But since he cannot, do not looke

On his mask'd Picture, but his Booke.

"Do out" appears as the name of the little instrument something like a pair of snuffers, called a "douter," which was formerly used to extinguish candles. Therefore, I have correctly substituted "extinguish" for "out-do." At the beginning I have substituted "dummy" for "figure" because we are told that the figure is "put for" (that is, put instead of) Shakespeare. "Wit" in these lines means absolutely the same as "mind" which I have used in its place, because I feel sure that it refers to the fact that upon the miniature of Bacon in his eighteenth year, painted by Hilliard in 1578, we read:—"Si tabula daretur digna animum mallem," the translation of which is—"If one could but paint his mind!"

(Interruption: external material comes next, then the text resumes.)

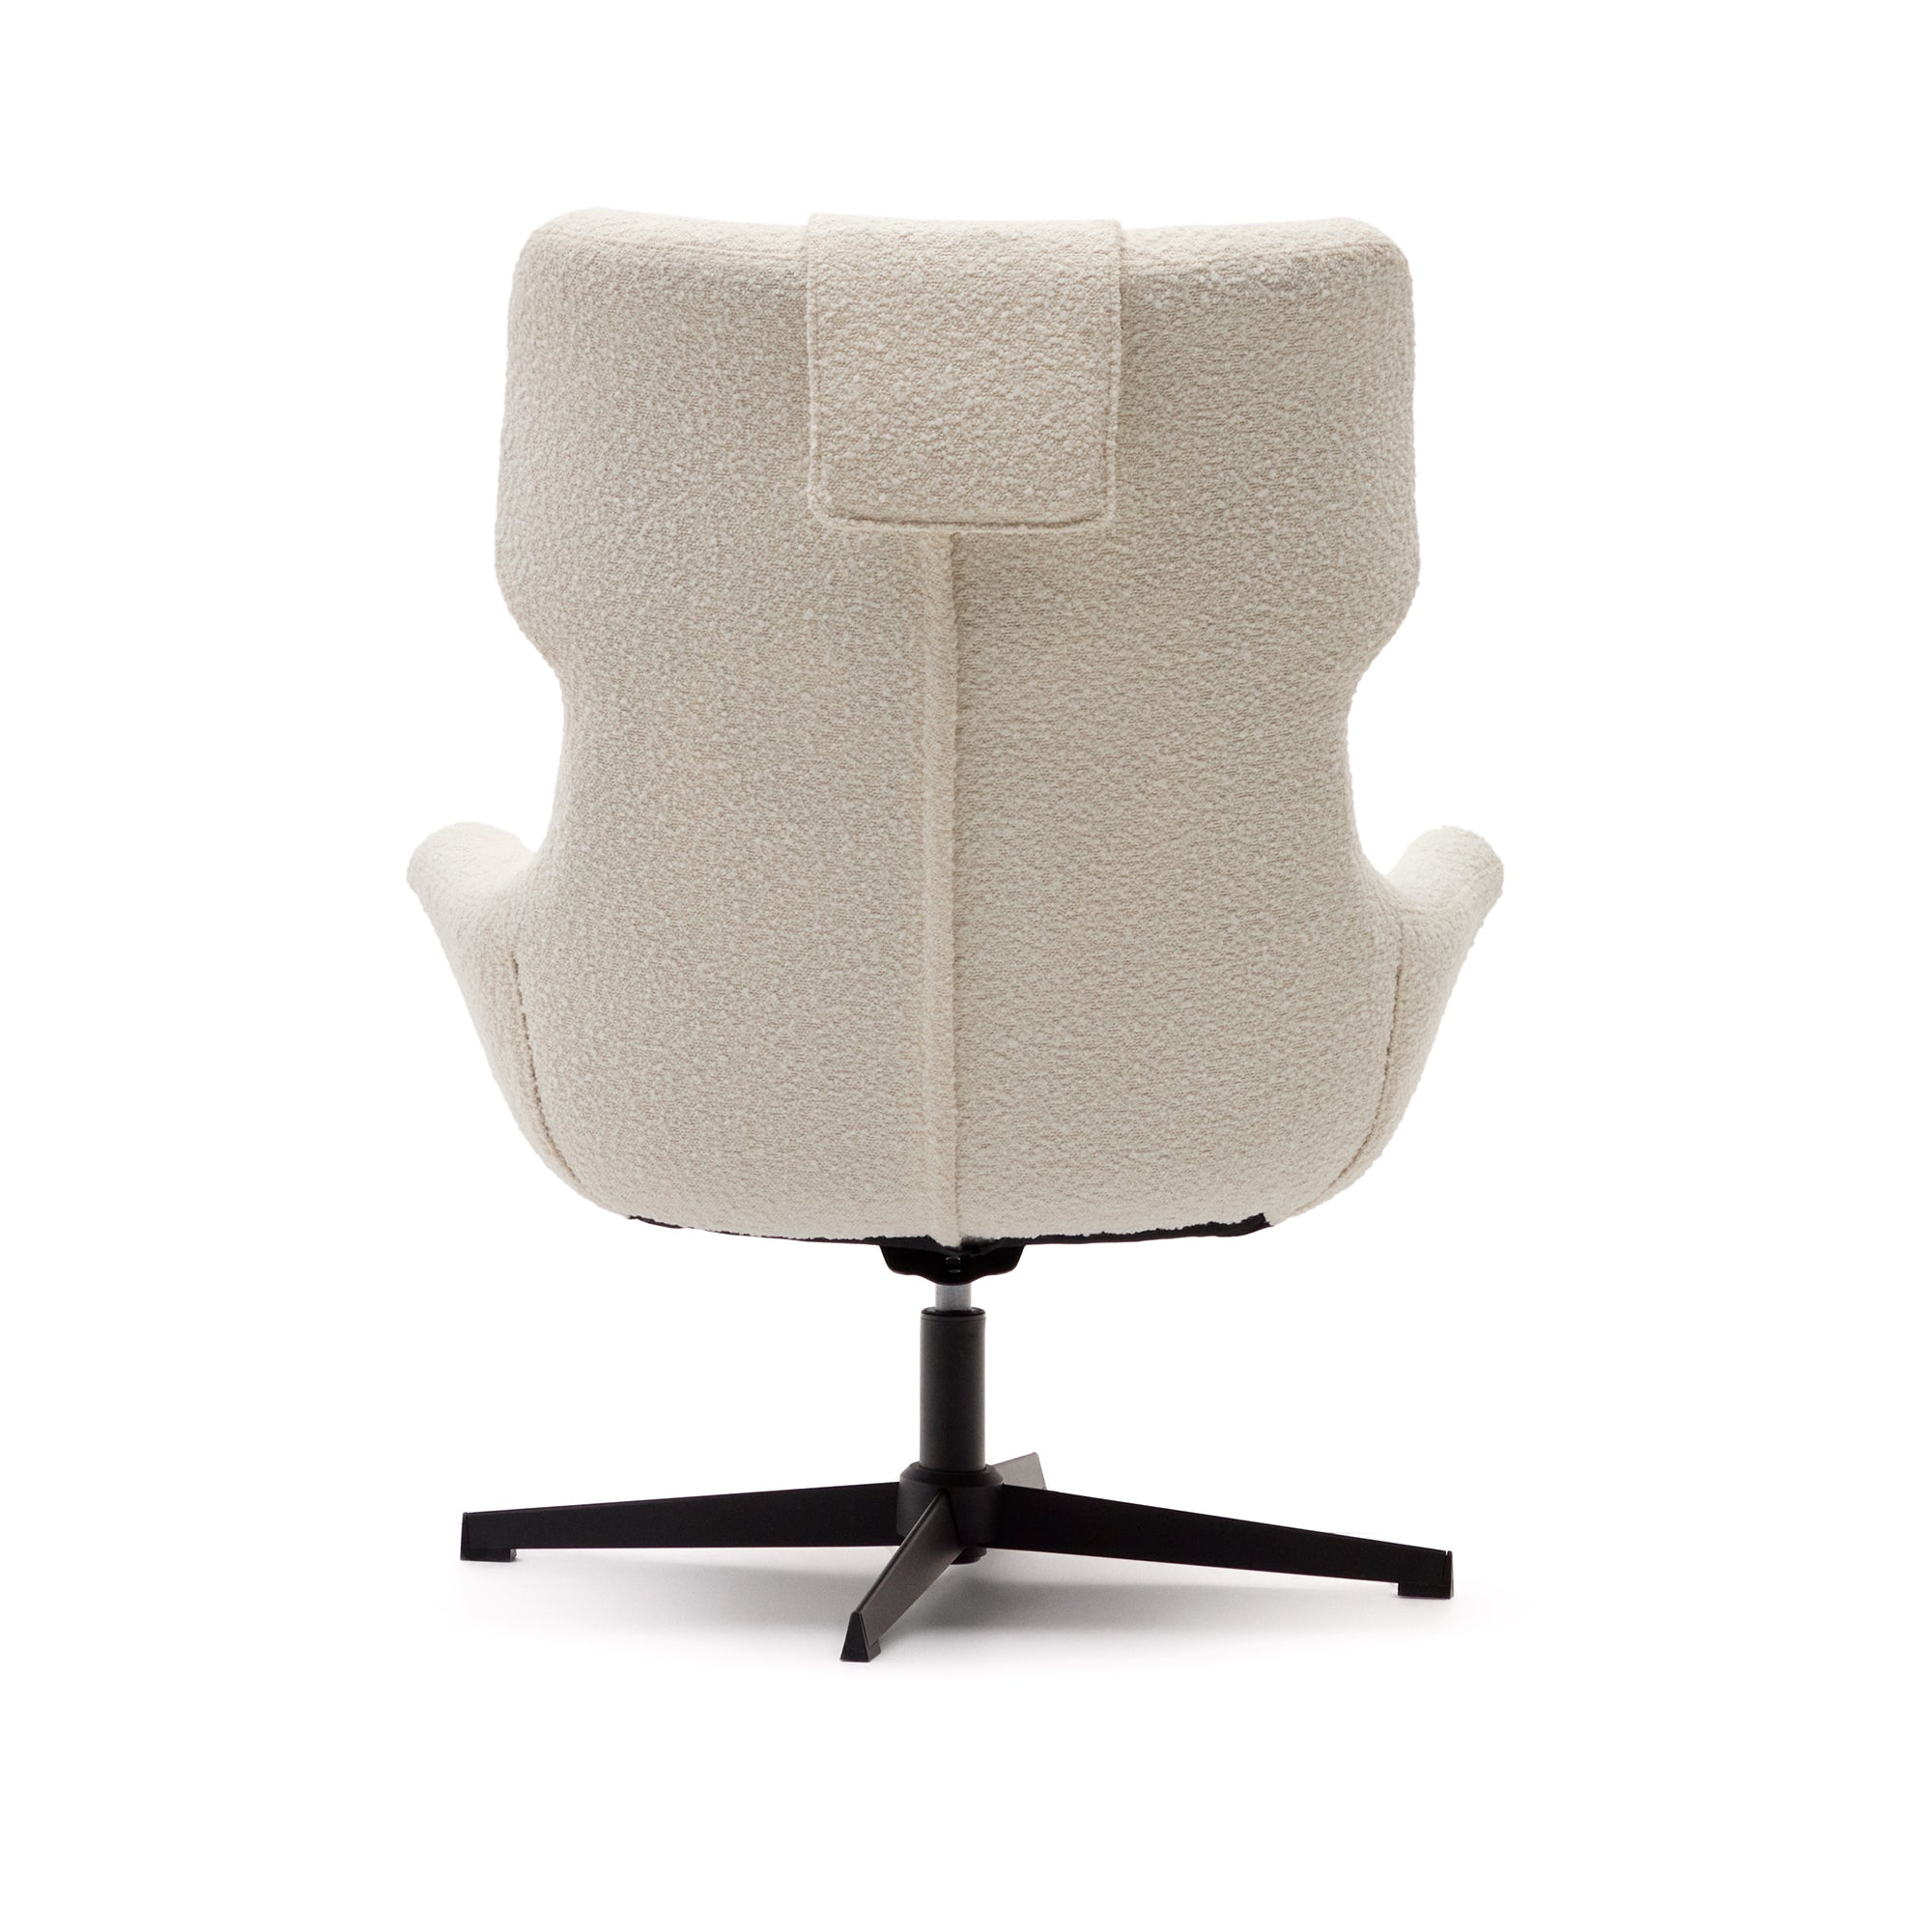 Zalina forgó fotel fehér nyírbőrből és acélból, fekete színű kivitelben

This important fact which can neither be disputed nor explained away, viz., that the figure upon the title page of the first Folio of the plays in 1623 put to represent Shakespeare is a doubly left-armed and stuffed dummy, surmounted by a ridiculous putty-faced mask, disposes once and for all of any idea that the mighty plays were written by the drunken, illiterate clown of Stratford-on-Avon, and shows us quite clearly that the name "Shakespeare" was used as a left-hand, a pseudonym, behind which the great author, Francis Bacon, wrote securely concealed. In his last prayer, Bacon says, "I have though in a despised weed procured the good of all men," while in the 76th "Shakespeare" sonnet he says:—

Why write I still all one, ever the same,

And keepe invention in a noted weed.

That every word doth almost sel my name

Shewing their birth, and where they did proceed.

Weed signifies disguise, and is used in that sense by Bacon in his "Henry VII.," where he says, "This fellow... clad himself like an Hermite and in that weede wandered about the countrie."

It is doubtful if at that period it was possible to discover a meaner disguise, a more "despised weed," than the pseudonym of William Shakespeare, of Stratford-on-Avon, Gentleman. Bacon also specially refers to his own great "descent to the Good of Mankind" in the wonderful prayer which is evidently his dedication of the "Immortal Plays."